10 La pregunta de cuántas páginas hay en Internet es difícil de responder. Nadie lo sabe a ciencia cierta. La encuesta sobre serv i d o res realizada por Netcraft indicaba, en mayo de 2008, que recibieron respuestas de 168.408.112 sitios (news.netcraft.com). Pero probablemente sean muchos más. Los buscadores no suelen publicar el número de páginas con las que cuentan. Boutell.Com Consulting Services estima que en 2007 el número estaba en torno a los treinta mil millones. Se llegó a esa conclusión comparando estadísticas de Netcraft (relativas a los servidores) con las estadísticas publicadas por Yahoo (sobre páginas web listadas) para el mismo mes del año 2005. Esto les permitió hacer una estimación y concluir que hay una media de 273 páginas web por servidor. De forma que, si consideramos precisa esta estimación, se puede multiplicar este número de páginas web por website por la cuenta mensual de websites de Netcraft, y así sabremos cuántas páginas web existen en un momento determinado (www.boutell.com/newfaq/misc/sizeofweb.html).

 

(11) Tecnología disruptiva es un término acuñado por Clayton M. Christensen, catedrático de la Harvard Business School, para describir una tecnología nueva que, inesperadamente, desplaza a otra tecnología llamada establecida.

 

(12)  Los medios de comunicación comerciales han sufrido muchas críticas por su fracaso como plataforma para el discurso público. Las principales preocupaciones han sido el desequilibrio de la influencia ciudadana, que es una consecuencia del exceso de poder de los propietarios de los medios de comunicación a la hora de influir en los asuntos que ocuparán más espacio en dichos medios, y la gran influencia de los anunciantes, así como el depósito –limitado– del que pueden surgir temas y opiniones, y en el que los periodistas son los principales contribuyentes.

 

(13)  Una serie de estudios realizados en redes del mundo real han demostrado que la conectividad (el número de enlaces) de determinados nodos difiere en escala, ya que suele ceñirse a la ley de fuerza que conduce a veces a las llamadas redes de escala libre (muchas redes sociales y de comunicación tienen sus enlaces distribuidos mediante la ley de la fuerza, donde unos cuantos nodos cuentan con un elevado grado de conectividad, y muchos con conectividad escasa). Un ejemplo de esta ley de fuerza, es decir, de red de escala libre, se ha registrado en las redes de citación, en la web, en Internet, en redes metabólicas, gráficos de llamadas telefónicas, contactos sexuales, redes de colaboración, etc.

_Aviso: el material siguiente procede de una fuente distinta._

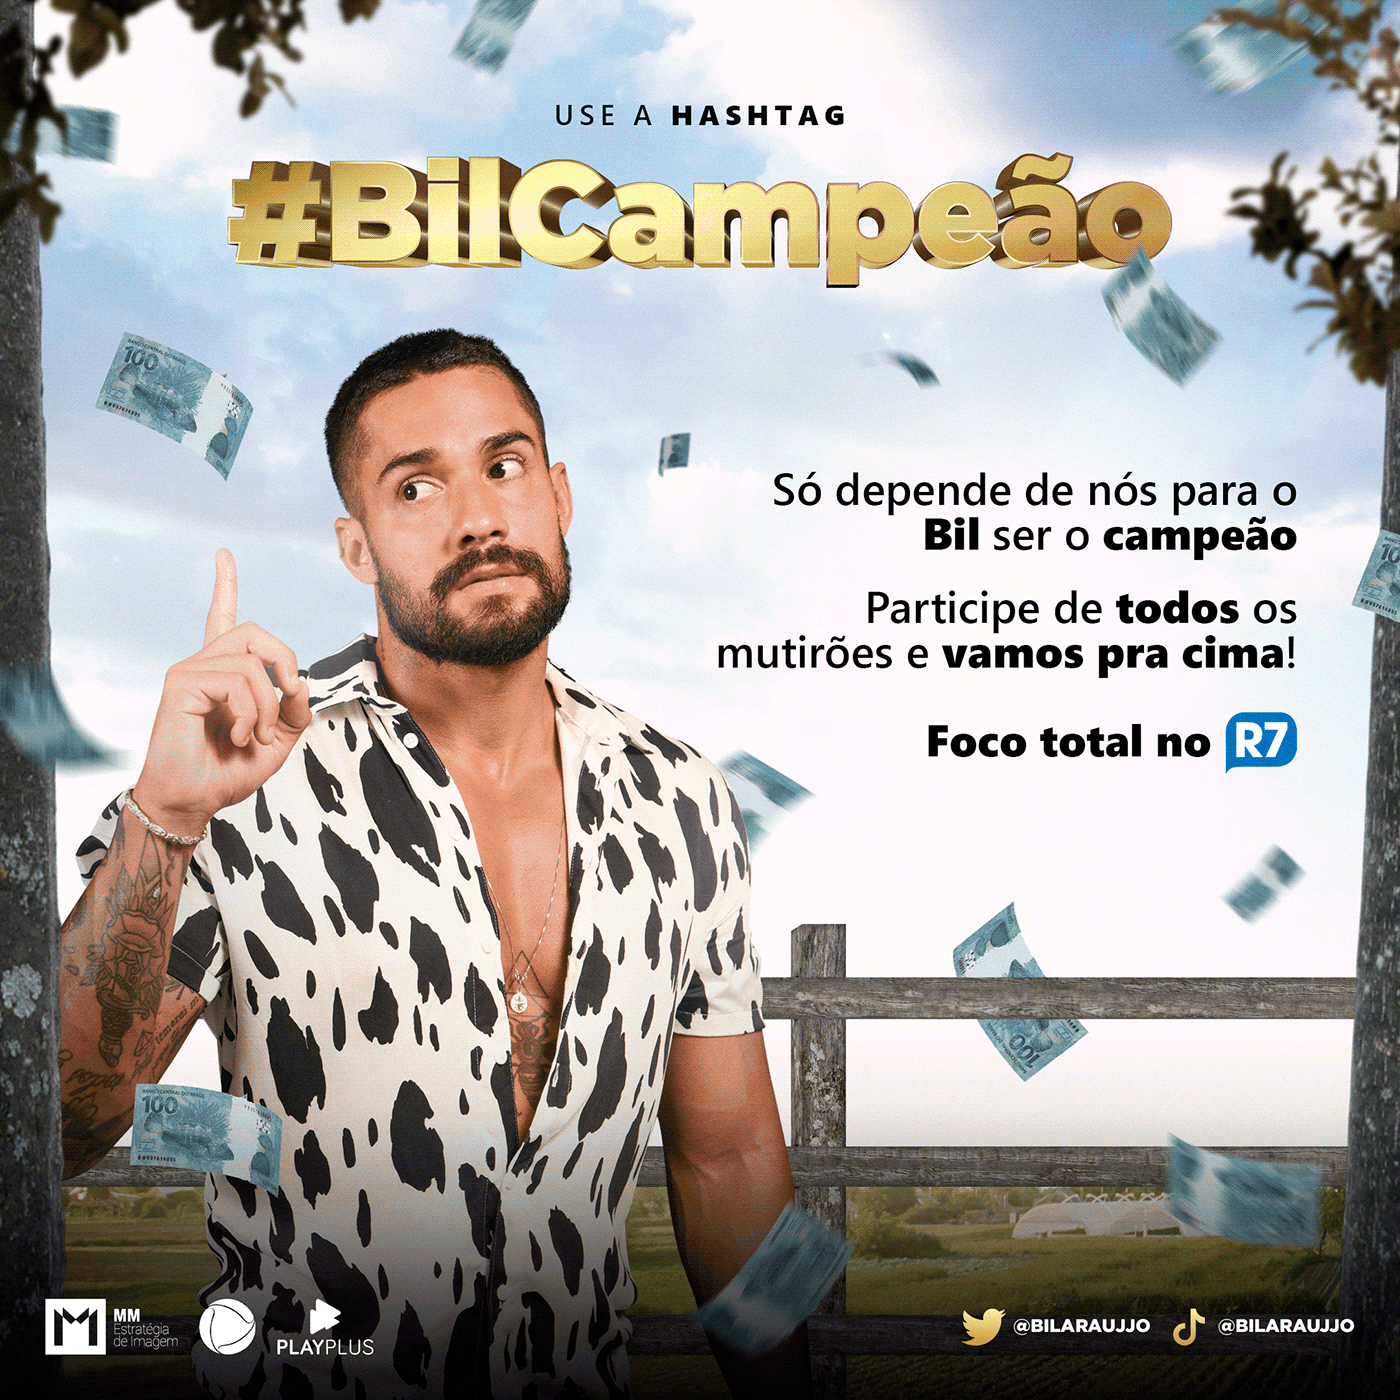 A Fazenda BBB big brother brasil BIL ARAÚJO reality show RECORD TV social media A FAZENDA 13 Big Brother rural

Esta regla se resume así: “los ricos se hacen más ricos”.

 

(14)  El efecto de pequeño mundo se descubrió en un famoso experimento realizado en los años sesenta por Stanley Milgram, en el que una carta que se pasaba de una persona a otra llegaba a un individuo-objetivo en muy pocos pasos (seis). El experimento se convirtió en una teoría rompedora en el estudio de la interconectividad social. Y resulta intrigante, dado que sugiere que, a pesar del enorme tamaño de nuestra sociedad, es fácil navegar por ella siguiendo los vínculos sociales para pasar de una persona a otra (Barabási, 2003). Este efecto se ha observado en un gran número de redes diferentes, incluida Internet. El efecto de pequeño mundo tiene implicaciones en el proceso dinámico que se produce en las redes que existen en el mundo real, como la velocidad a la que se propaga la información. Es, en definitiva, el camino más corto para recorrer la red.